Я осёкся, прервал свой неудержимый поток сознания. Откуда в моей памяти всплыли эти строки? Они с надрывом тянули за собой из мозга какие-то забытые воспоминания, хаотично пронизанные непонятными чувствами и эмоциями. Ну, ну!!! Ещё мгновение, и я всё вспомню! Как пробить этот проклятый барьер в мозгу!? Ещё немного назад, ещё чуть— чуть…
— Браво, Ваше Величество, браво! — громкий и восторженный голос ГРАФИНИ вернул меня в реальность. — У меня с каждым днём общения с Вами крепнет странное ощущение, что Вы скрываете от нас Вашу действительную сущность и Ваши тайные знания.

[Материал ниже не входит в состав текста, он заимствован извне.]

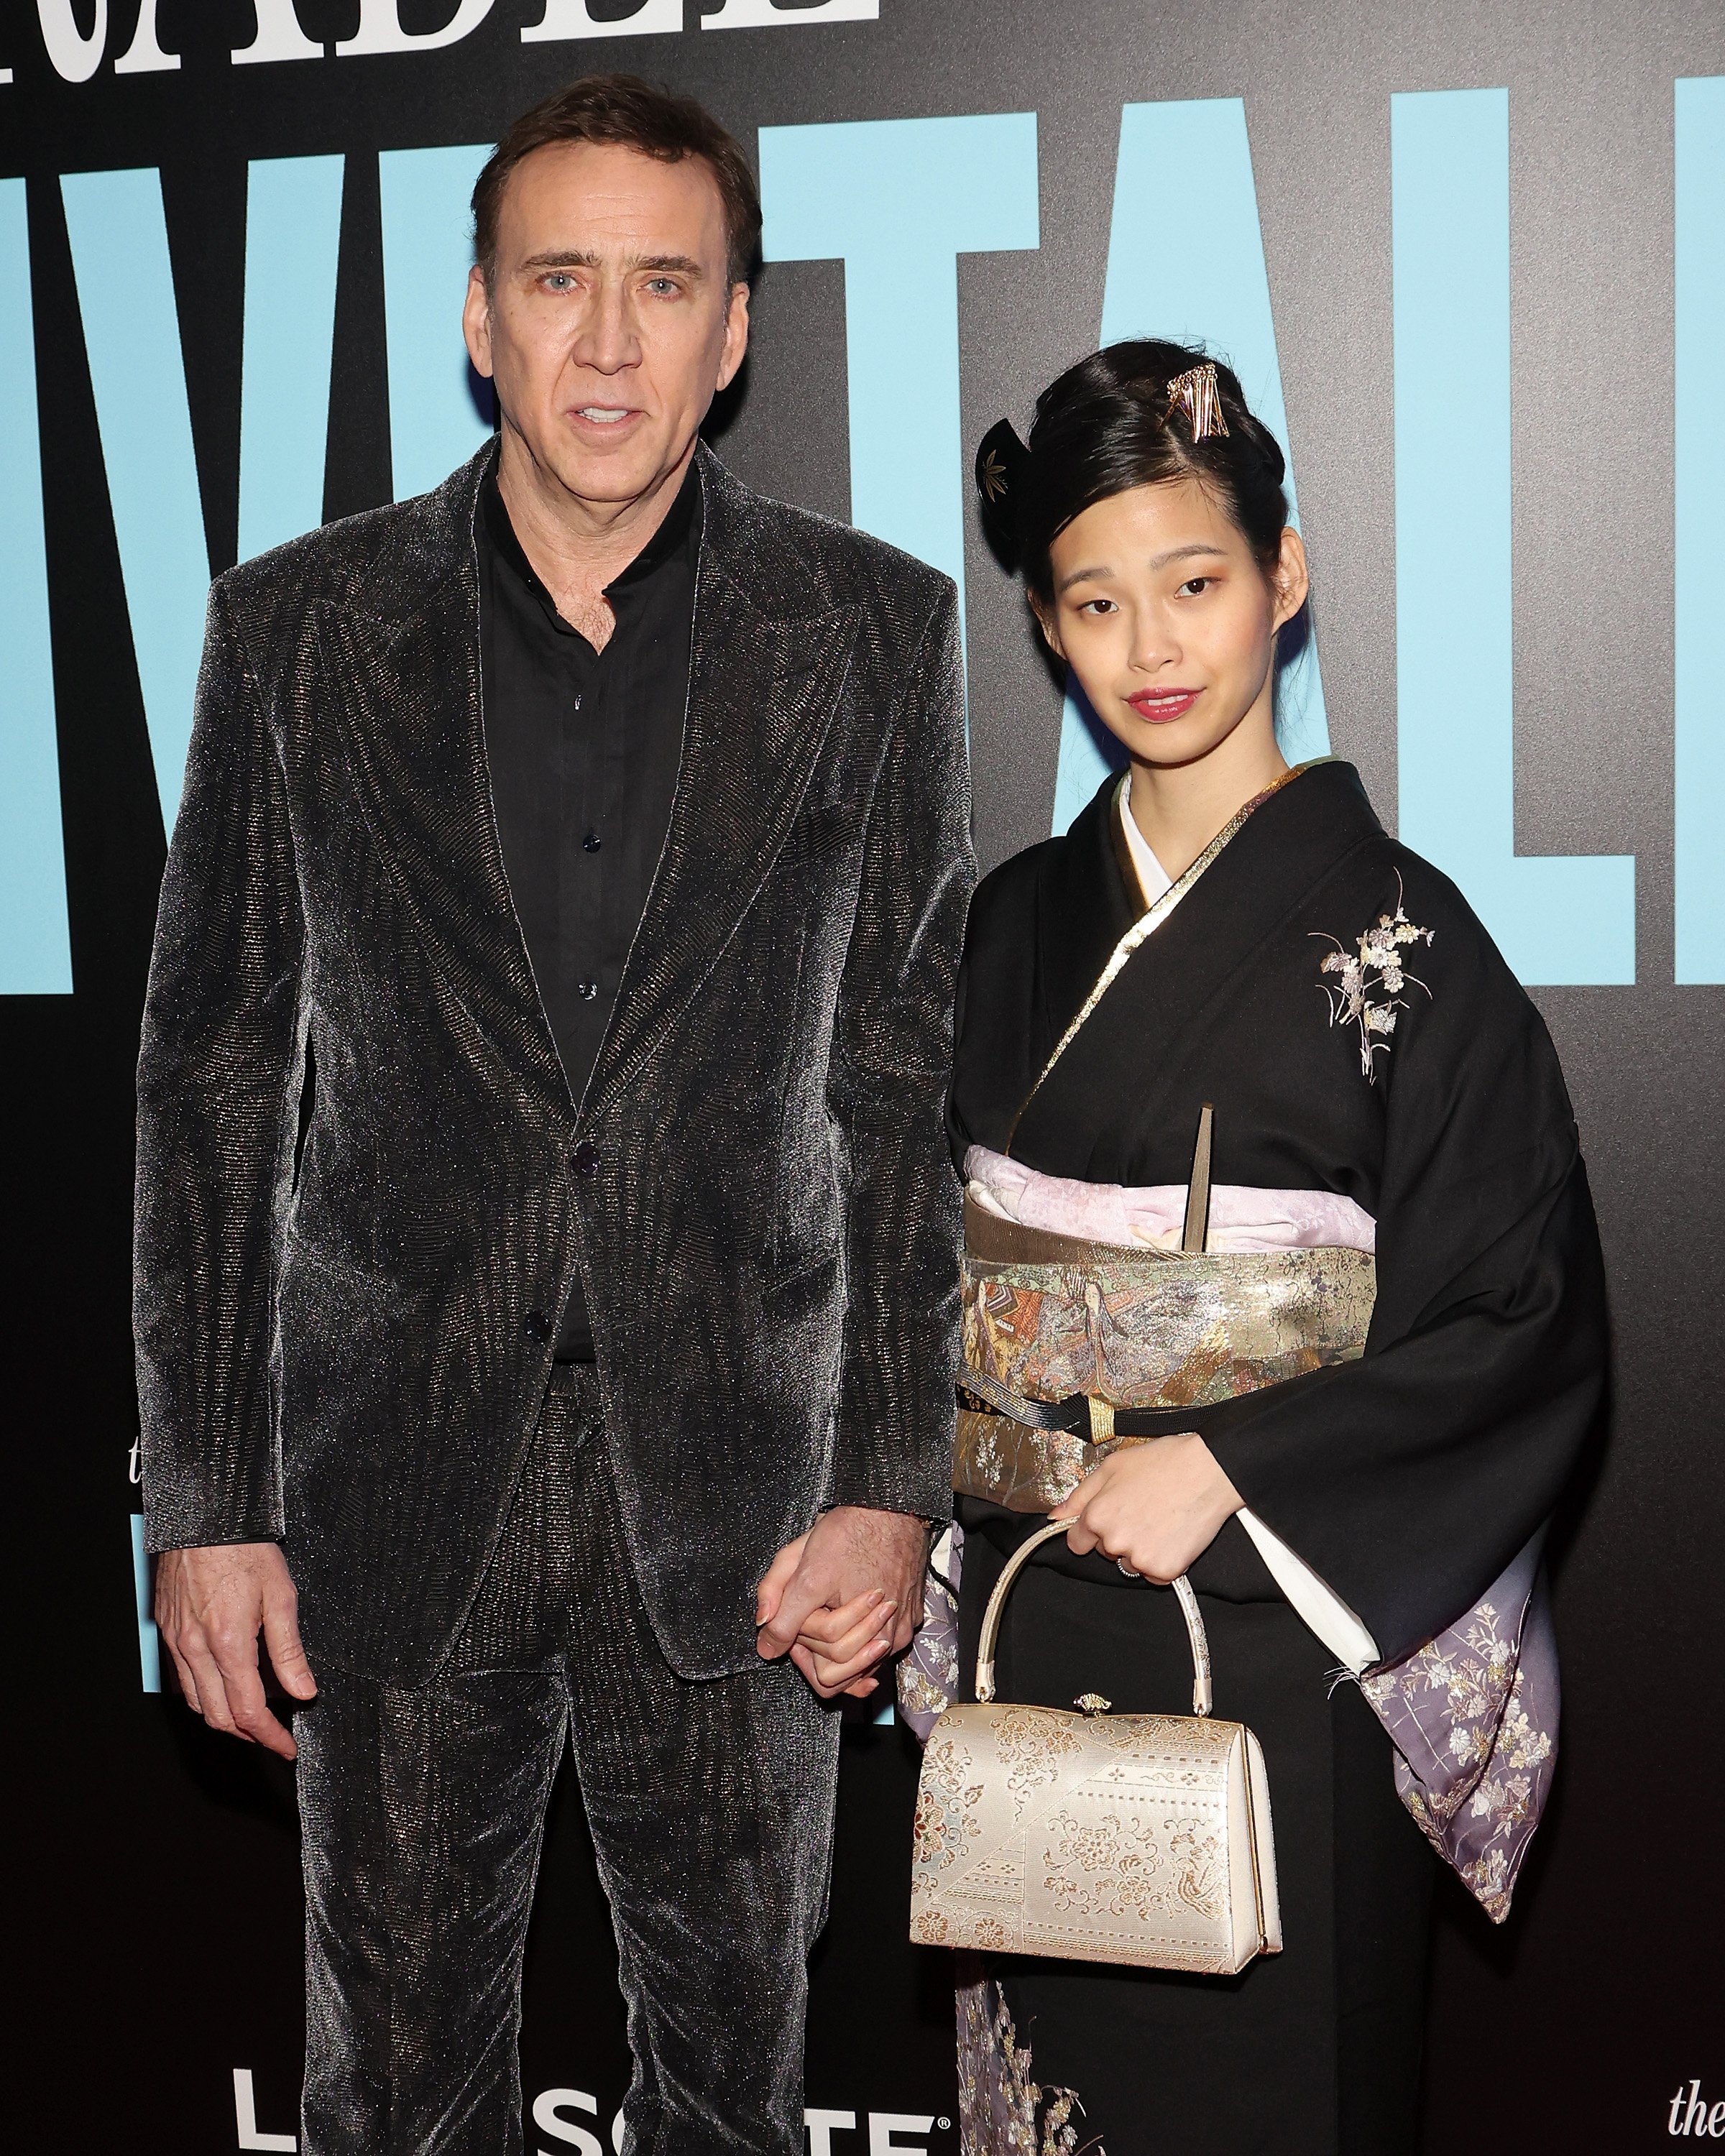 Nicolas Cage and Riko Shibata attend the New York premiere of "The Unbearable Weight of Massive Talent" at Regal Essex Crossing on April 10, 2022 in New York City. | Source: Getty Images

Если бы Вы не были КОРОЛЕМ, то наверняка были бы выдающимся поэтом, философом, а возможно и учёным.
— А может быть я таковыми уже давно и являюсь? — пробормотал я раздражённо. — И вообще, что вы все зациклились на моём статусе!? Почему Король не может быть поэтом, учёным, архитектором, живописцем или, например, судостроителем, плотником? Такое в истории бывало, и не раз. Правда, в какой истории и когда, мне пока не ведомо. Но бывало… Это я точно знаю.
— Интересные мысли, Сир, очень интересные, — задумчиво произнёс ПОЭТ. — Извините, но Вы и для меня загадка.

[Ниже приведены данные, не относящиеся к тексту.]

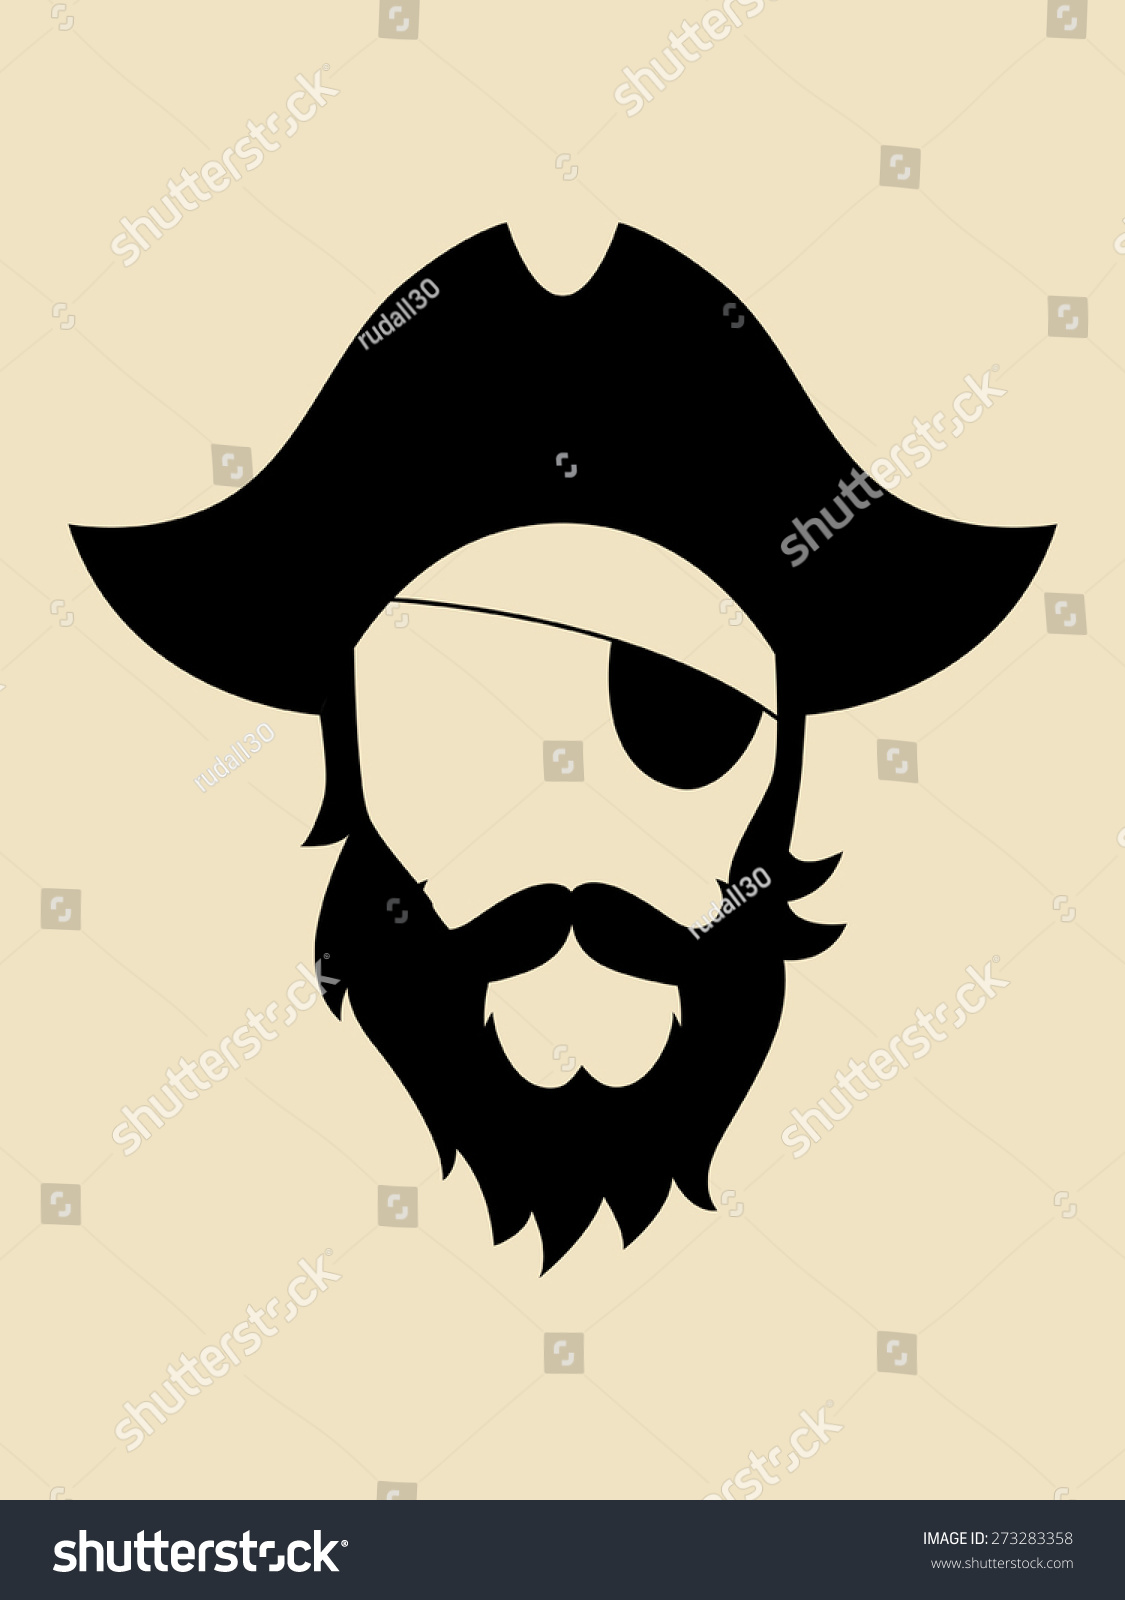 SVG of Man with beards and mustache wearing a pirate hat symbol svg

— Эх! Вы и не представляете, как загадочен я сам себе! — недовольно и раздражённо буркнул я.
— Сир, а может быть, в загадке есть больше смысла, чем в её разгадке? — с головой окунулся в дискуссию ПОЭТ. — Как говорил Великий Пещерный Оракул Седьмой Провинции…

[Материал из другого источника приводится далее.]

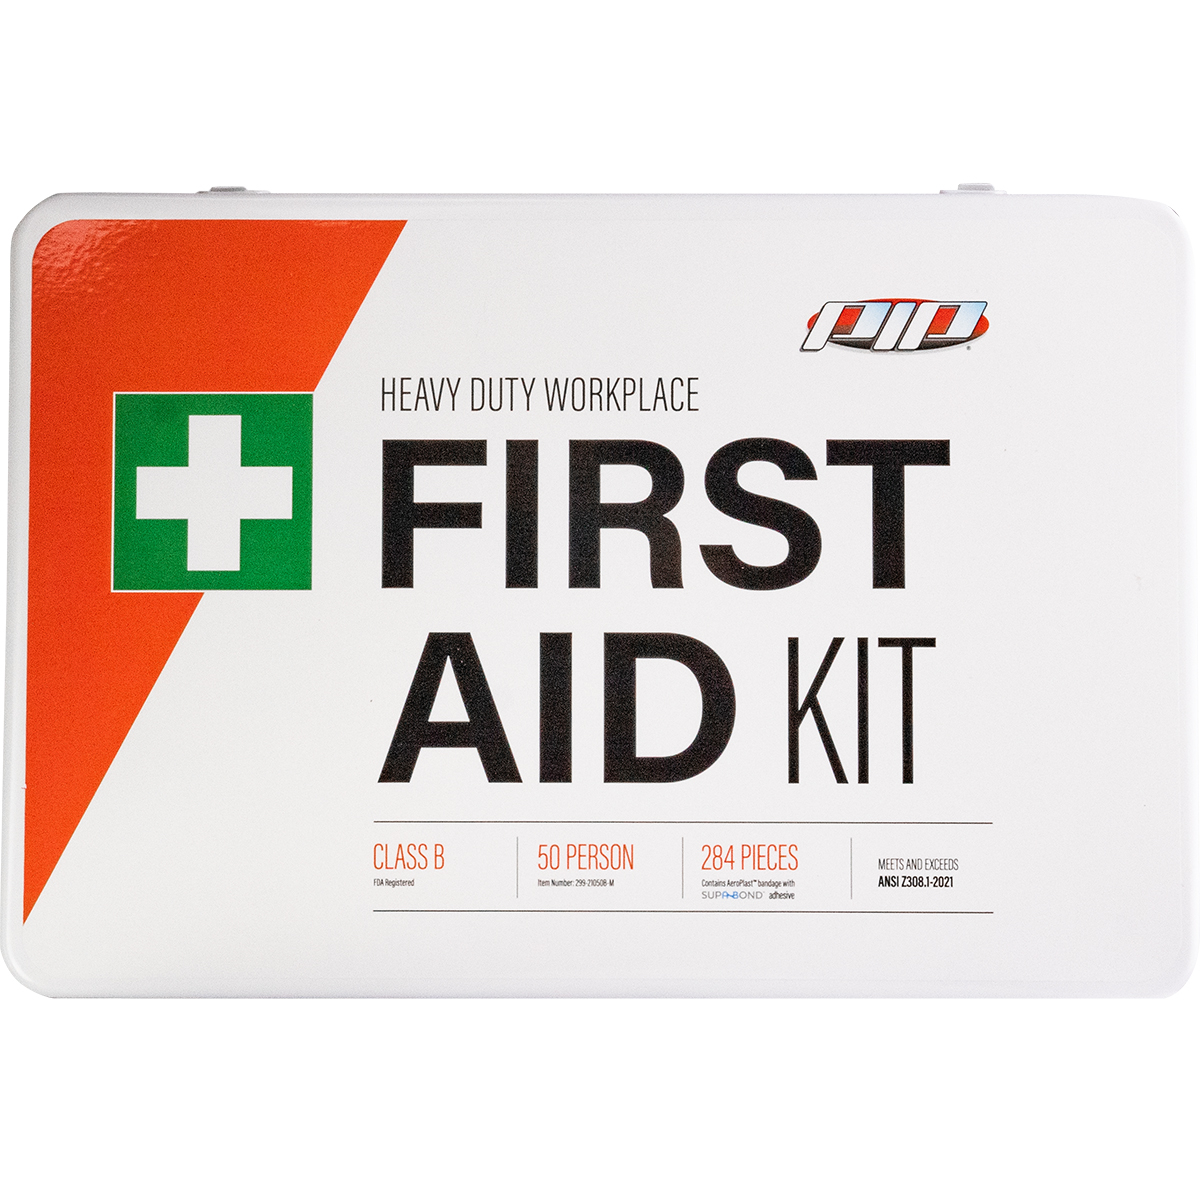 Pip ANSI Class B Metal First Aid Kit - 50 Person from GME Supply

Мне, к сожалению, не посчастливилось быть обогащённым знаниями упомянутого таинственного существа, так как в окно кареты громко и нервно постучал БАРОН:
— Сир, позвольте Вас побеспокоить! Посмотрите вперед!
Мы втроём немедленно вышли из кареты. Примерно в трёх — четырёх сотнях шагов от нас из чрева предгорий, обрамляющих величественные заснеженные горы, поднимались густые клубы дыма. Этот дым был явно искусственного происхождения. Горело какое-то сооружение или поселение. У меня появились нехорошие предчувствия, у ГРАФИНИ и БАРОНА, видимо, тоже. Они тревожно переглянулись, девушка стала нервно мять в руках изящный кружевной носовой платок. БАРОН, испросив моего разрешения, тяжело, но быстро поскакал вдоль нашего отряда. Все заволновалась, задвигались. Большая часть воинов подтянулась поближе к головной карете.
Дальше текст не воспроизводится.